One of the things my Republican acquaintances constantly tell me is that business, you know, American "free enterprise" business as conducted by Ma & Pa all the way to GMC and Exxon Mobile, is the most progressive and creative part of our civilization. These people believe that business not only organizes the productive forces of the population but has a built-in need to express social and environmental concerns and that these are forged by the marketplace for the benefit of all. The fact that business is, by definition, responsible for the life-style of materialistic consumerism is off-set, they might think, by a durable faith in the Judeo-Christian God. It is a reasonable balance for them, although none of them seem to understand that a durable faith and understanding of the credo might have relevance to the conduct of business.
I would like to begin this essay with a trip over to a recent New York Times editorial about
lawn care, for this is a neat little lesson in the nature of "free enterprise" conditioned by "free enterprise" politicians. Take a look and then come back. You will understand why my replacement mower will be electric and why I have such little faith in the "inate goodness" of business enterprise.

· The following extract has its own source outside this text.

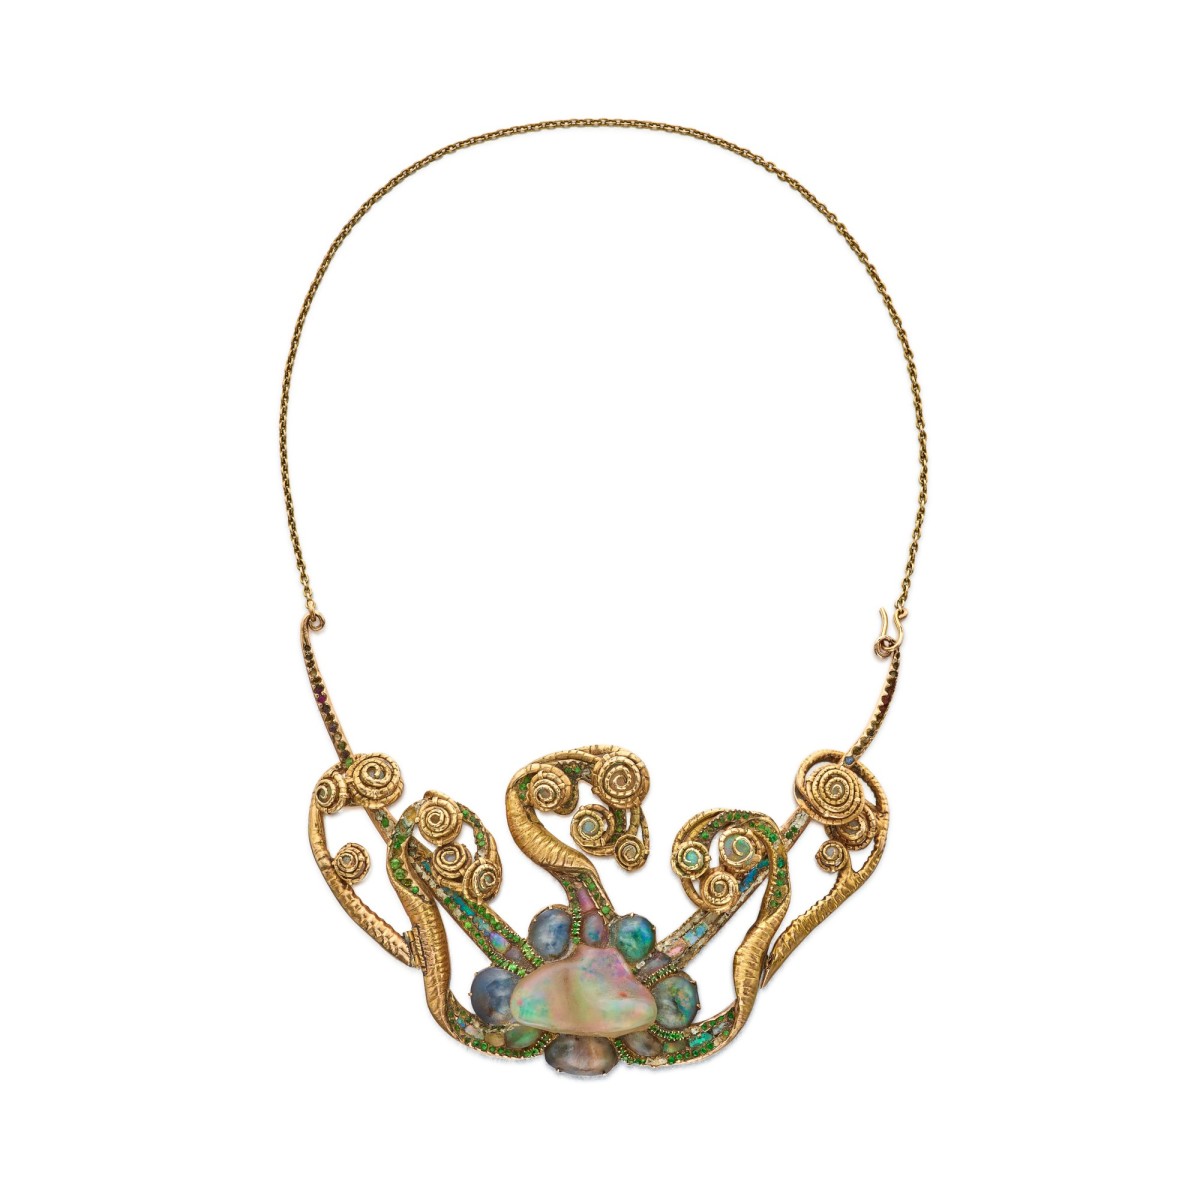 Gorgeous Medusa-inspired Peacock Jewelry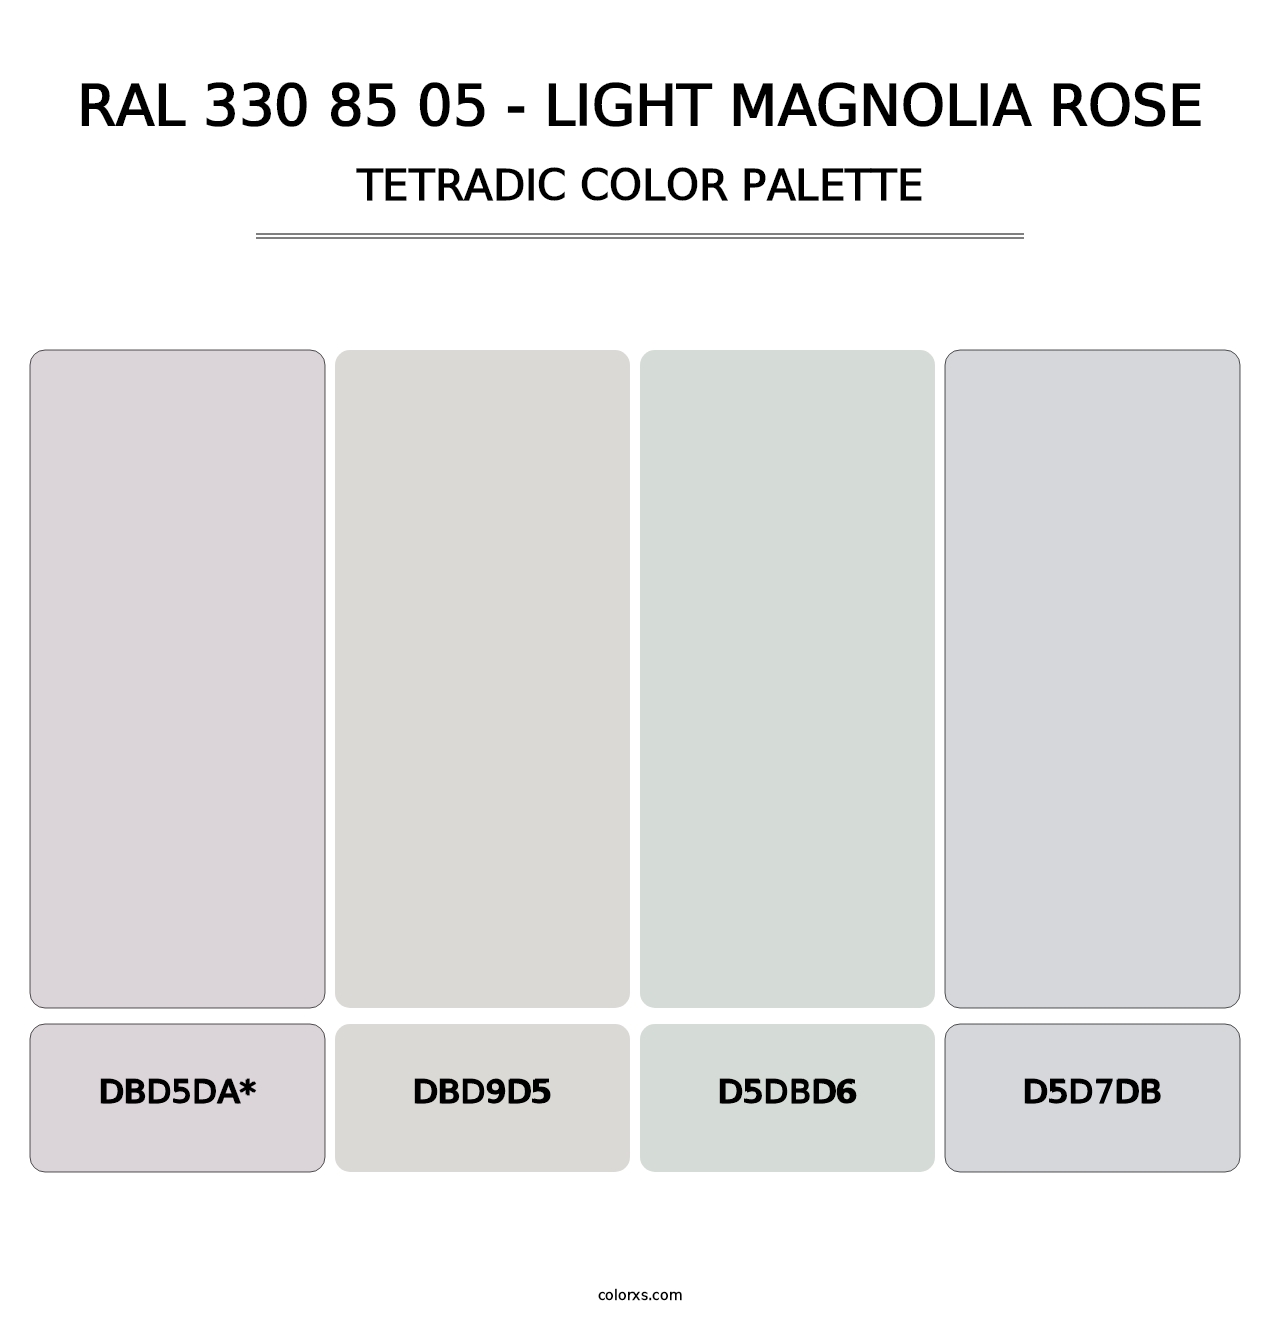 RAL 330 85 05 - Light Magnolia Rose - Tetradic Color Palette

Yes, it is true, business provides the opportunity for those devoid of the "enterprising spirit" or lacking sufficient capital to start their own business to work and to contribute to the success of the enterprise of others. Businessmen and women believe they have a fair bargain when they pay workers off within their business with a wage or salary. This is a vestige of the commodity mentality, however, and leads to the idea that workers are dispensable bearers of labor, rather than sweat-equity participants in the business. Business must take into account that both wage and salaried workers accumulate a contributor interest in the well-being of the business and take pride, like the owner, in producing a respected good or service.
But this is rare in America these days. There seems to be among corporations and proprietorships a sense that NOW is the only important time, and NOW is the time to "get ours while the getting is good." If I believed for a moment that the board rooms of America's corporations were enthralled by the imminence of The Rapture, I could understand this shortsightedness. If I believed that stockholders actually force the resignation of corporate administrations for a "slow quarter" or even a "slow year," then I could understand the CEO's behavior from another point of view. But, folks, these are excuse answers designed to cover up the truth that once business achieves that magic "repetition rate" and the dollars come flooding in, the average and the above average corporate executive becomes narcissistic and believes him or herself to be especially privileged, a person God loves more because of the bounty he or she reaps. The profit motive, despised in word, but honored in every deed becomes the vis viva, the living force of the system.
When you are finished reading my thoughts on corporations, I would like you to take a moment to read about The Ten Worst Corporations of 2005. You can read about them now, if you want, but the rest of what I have to say does not depend on that essay. You will see the profit motive gone wild in action.
An internet friend of mine passed this quotation along to me earlier this week. It seems to be appropriate, but bears some study.
The country is headed toward a single and splendid government of an aristocracy founded on banking institutions and monied corporations, and if this tendency continues it will be the end of freedom and democracy, the few will be ruling and riding over the plundered plowman and the beggar....
Thomas Jefferson
The point is that among the founding fathers Jefferson understood the mathematics of large enterprises. He understood that the corrupting influence of money would not restrict itself to the vanity and pocketbooks of corporate leaders, but would (and already had) manifest itself in politics, creating an anti-democratic force that would soon engulf the nation and make of it something quite different from what Franklin, Jefferson, Madison and the rest of us hoped it would be.
Corporations are inherently selfish, greedy, self-serving institutions. They are designed to make money for those who invest in them. They are managed to provide handsome salaries and bonuses for those who lead them. Back in the period immediately after WWII corporations used to understand that the people they employed (and the employees of other corporations in other areas of the economy) were the consumers of their goods and services. Now, though, corporations see labor only as the most significant expense of production and try to limit their commitment to it. Rather than seeing to it that workers are also consumers, they believe that a globalized market (especially the NAFTA/CAFTA market) will provide the consumers they need for today's profits.
Of course it is shortsighted and wrong, but they do it anyway. The reason is that they understand how little they are actually paying wage and salary earners for their loyal contributions compared to corporate income, profitability. They are paying them nothing for this and expect that the workers will, in turn, have no loyalty, which means that they need not be loyal either. This notion overlooks the reality of work in this century (or any other), namely that workers commit their very lives and families to the enterprise.
The irony of the politics of corporate greed is this: when they have, by crook and fraud and misrepresentation, gotten complete control of the government ... as they now have ... they are incapable of maintaining the system that spawned them. Like dogs eating in a day a week's worth of food while the owners vacation, they will starve the next six days and whine about it like the curs they are. Mike Whitney recently published this notice on Rob Kall's OpEdNews. It is perfectly clear that the Bush administration aiding abetting the feeding frenzy of corporate greed and shortsightedness has buried our nation in the makings of a come-uppance that will make the Great Depression seem like the good old days. If and when we come out of this imminent debacle, we must readjust and overhaul our legal system to understand corporations and businesses for what they are—necessary but inherently anti-democratic.